Iran Nuclear Deal
Negotiators reached a deal on Iran's nuclear program late Tuesday in Lausanne, Switzerland. Above, European Union High Representative Federica Mogherini (left) and Iranian Foreign Minister Javad Zarif wait for a meeting with officials from P5+1, the European Union and Iran at the Beau Rivage Palace Hotel in Lausanne March 31, 2015. Reuters/Brendan Smialowski

UPDATE 5:20 p.m. EDT:

Iranian nuclear talks will not be allowed to continue past dawn Wednesday, the Iranian delegation was told, Reuters has reported. U.S. State Department and White House officials had indicated previously that the negotiations would continue Wednesday.

Original story:

Negotiators trying to reach a nuclear deal with Iran were poised to continue working past a midnight deadline as their discussions stretched late into Tuesday night in Lausanne, Switzerland. The talks were expected to continue Wednesday, "as long as the conversations continue to be productive," White House press secretary Josh Earnest said.

"We've made enough progress in the last days to merit staying until Wednesday," State Department spokeswoman Marie Harf said. "There are several difficult issues still remaining." The deadline for a draft agreement, a precursor to a comprehensive nuclear deal with Iran that those involved in the talks had hoped to reach in June, was a self-imposed one.
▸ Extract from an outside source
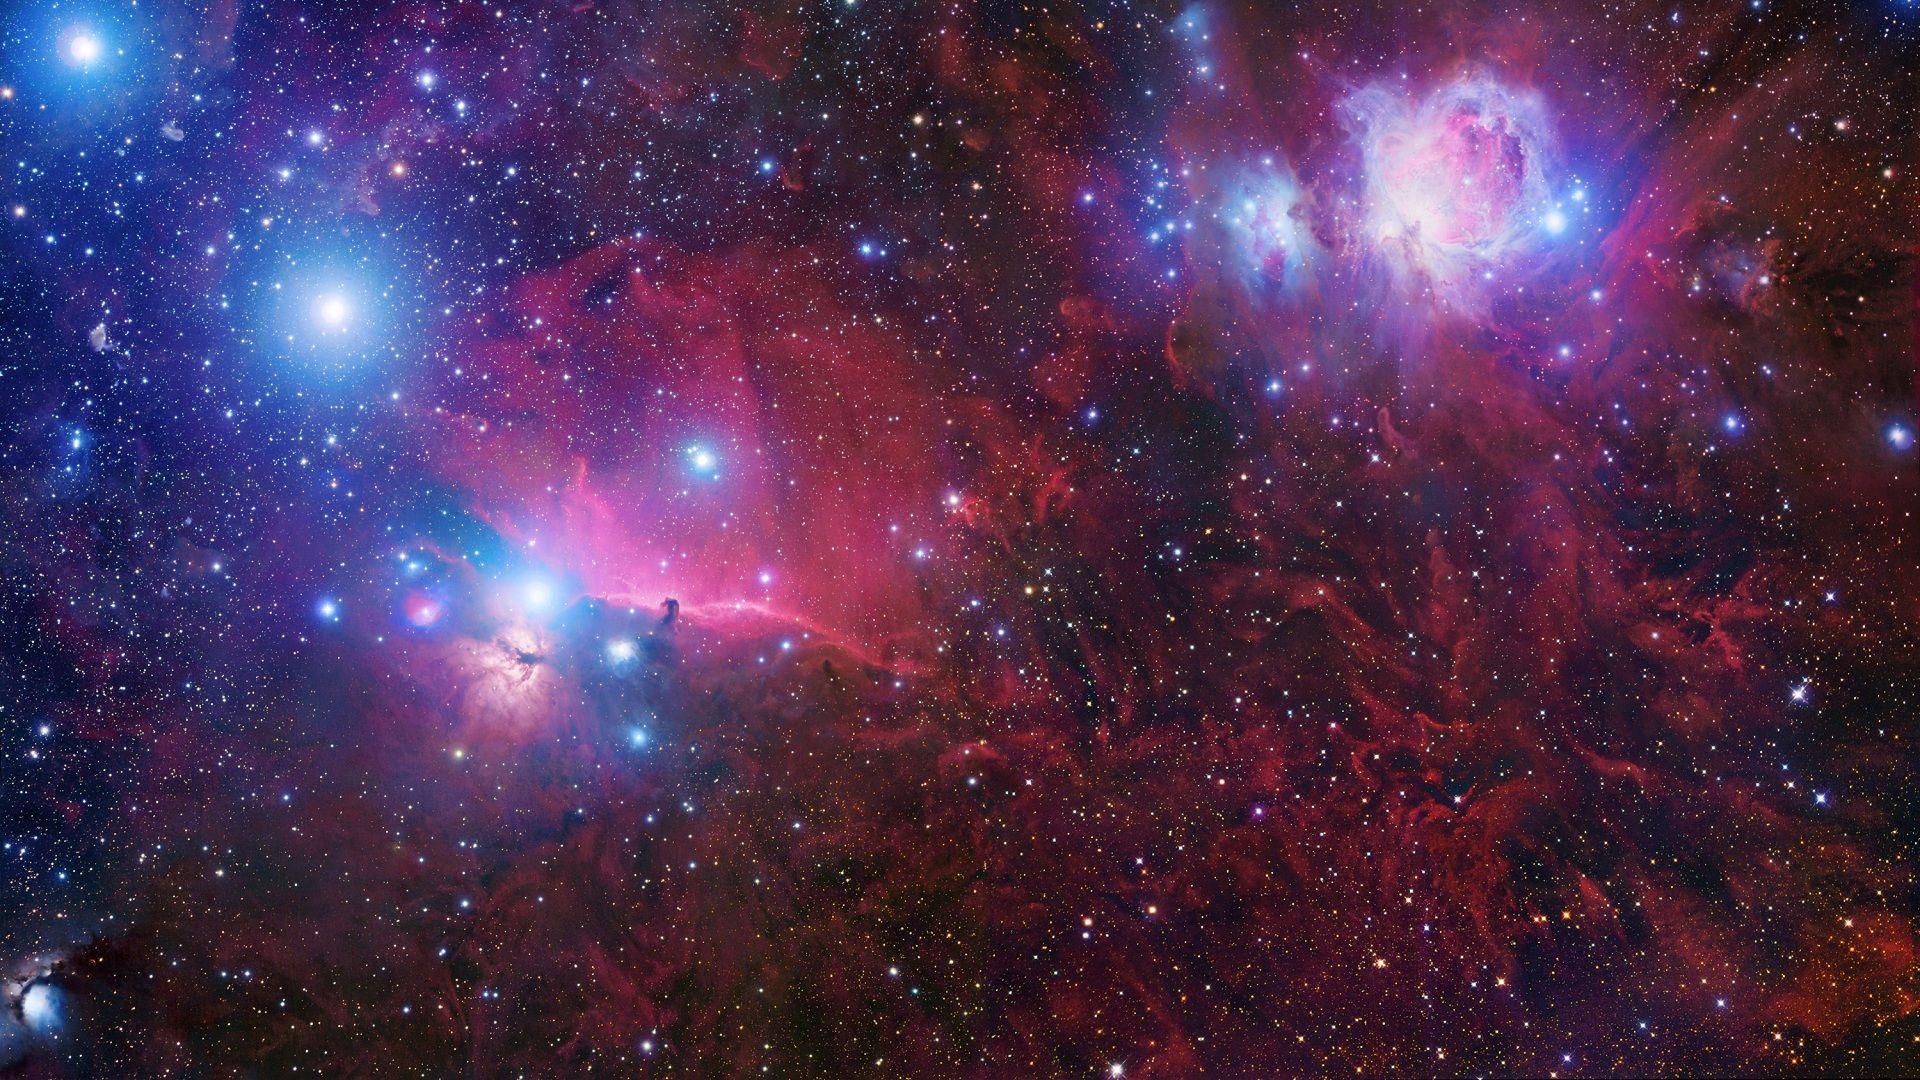 Orion [1920x1080]

The U.S., U.K., France, Russia, China and Germany -- often referred to as the P5+1 -- sought to ensure in the negotiations that Iran would be unable to manufacture a nuclear bomb within a year. Iran has insisted that it wants not the capacity to make nuclear weapons but the ability to produce nuclear power, and it has sought to have international sanctions imposed by the other countries lifted.
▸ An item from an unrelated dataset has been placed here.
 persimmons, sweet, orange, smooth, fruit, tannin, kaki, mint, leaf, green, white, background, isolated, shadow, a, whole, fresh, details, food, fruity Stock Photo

Foreign ministers of the P5+1 countries and Iranian Foreign Minister Mohammad Javad Zarif have been meeting this week in Lausanne for the first time since November. Also present for the negotiations were European Union foreign policy head Federica Mogherini and Abbas Araghchi, Iran’s lead negotiator.

In a move that initially appeared to bode well for the talks, Russian Foreign Minister Sergei Lavrov rejoined the negotiations Tuesday after leaving them Monday and saying he would return only if reaching an agreement appeared realistic. “I believe that the prospects are very good and promising,” Lavrov said Tuesday in a news conference.

But reaching a deal required agreement on several key, persistent issues, including the number of centrifuges -- machines that enrich uranium -- that Iran would be allowed to have, along with other restrictions on its nuclear program. Another snag was the question of how quickly sanctions on Iran would be lifted, and even well before the deadline approached, it appeared that any agreement would lack specifics on these tougher issues. “Solutions have been found for numerous questions. We are still working on two or three issues,” Araghchi said Monday, the Agence France-Presse reported.

For 18 years, Iran hid the fact that it was enriching uranium, which can be used to produce a nuclear weapon. In 2013, the country agreed to a temporary deal that it would suspend parts of its nuclear enrichment program if sanctions were partly lifted, but a final agreement over sanctions and Iran's nuclear program has yet to be reached. In this latest round of talks, deadlines for deals had previously been extended twice since November 2013, although negotiations over Iran’s nuclear program have gone on for a more than a decade.

Critics of the deal, including U.S. House Speaker John Boehner and Israeli Prime Minister Benjamin Netanyahu, have said a deal would fail to ensure that Iran would not have the ability to produce a bomb.